Research has found that 94% of Americans support recycling and 74% say it should be a top priority. But only about 35% of people actually recycle. The leading reason behind this poor percentage value is the Americans’ lack of knowledge and awareness.

According to NYPost, “more than half of Americans are not very sure of what to recycle. In a survey including around 2000 Americans, 62% of the people think that due to their lack of knowledge, they are recycling incorrectly”.



say they always recycle a recyclable item


believe greasy pizza boxes can be recycled


believe used plastic utensils can be recycled


To understand more about our users' behavior, we observed students while disposing of waste around the campus near dining hall, cafeteria and library. We noticed students throwing recyclable and reusable items into landfill bins while also throwing unclean recyclable materials in the recycling bin.


Our team conducted 8 student interviews, and I personally interviewed 2 of them. The results revealed a common theme of confusion and frustration among students regarding waste disposal. Specifically, they expressed confusion about how to properly dispose of waste, and frustration with unclear instructions.

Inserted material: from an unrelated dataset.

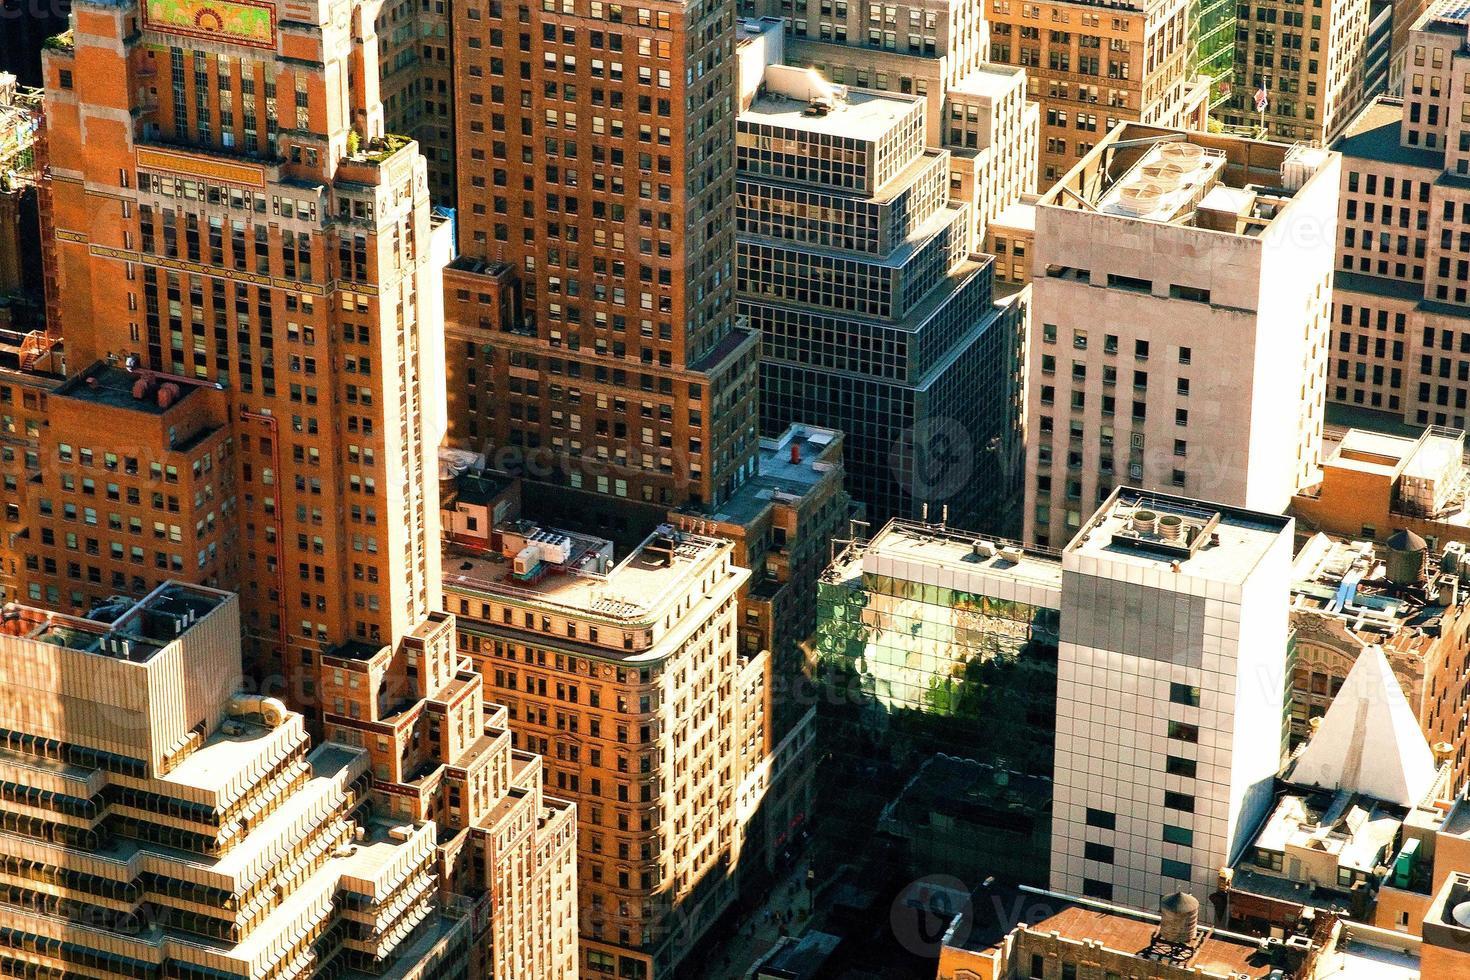 été urbain photo

Additionally, 3 of the interviewees highlighted unawareness of recycling impact, which they felt contributed to their apathy towards correct recycling practices.

I have been here in Indianapolis all my life, but I am still not sure about what goes where
Anonymous Participant
Undergraduate Student, IUPUI
If people are able to have that title of being like hey I'm the best recycler in this day or in this district, it'll be it'll be cool to see
Anonymous Participant
Graduate student, IUPUI
I used to separate recyclables back at home. Since I moved out, I stopped doing it because my roommates are lazy
Anonymous Participant
Undergraduate student, IUPUI
I think for some people and even now even like myself like sometimes we wonder like what really is recyclable and what is not. So yeah, I think little infographics would be pretty cool
Anonymous Participant
Undergraduate student, IUPUI

Affinity Diagram

The Affinity Diagram was utilized to collect and organize insights from interviews, observations, and research, providing a comprehensive view of the issue and enabling the formulation of a problem statement. This facilitated the identification of relationships and patterns within the data

Fig 1. Affinity Mapping done on Miro with major and minor themes identified in black

User Empathy Map

To understand and empathize with our user group before creating a user persona, Empathy Map was used which helped to prioritize the user needs. The data from the real users is collated to create a user persona later

User Personas

Further in our research process, we created a user persona to flesh out the information gathered in the empathy map into more concrete and detailed descriptions of user archetypes. Persona aided us in keeping the user at the center of the design process and helping to create empathy for the user's needs, goals, and behaviors.

02 Analyze

The Core Problem

How might we design for busy university students to eliminate their confusion and encourage them to recycle properly and consistently, while taking into account their need for convenience?

Brainstorming Solutions

Once the core problem is identified, the next step is to generate a large number of ideas, regardless of their feasibility or practicality. This was done individually by each team member first and as a team later. All the ideas generated in this stage were assessed based on their potential value to users and the business, feasibility, and technical constraints. A Mind Map was created to get the bigger picture of our ideation.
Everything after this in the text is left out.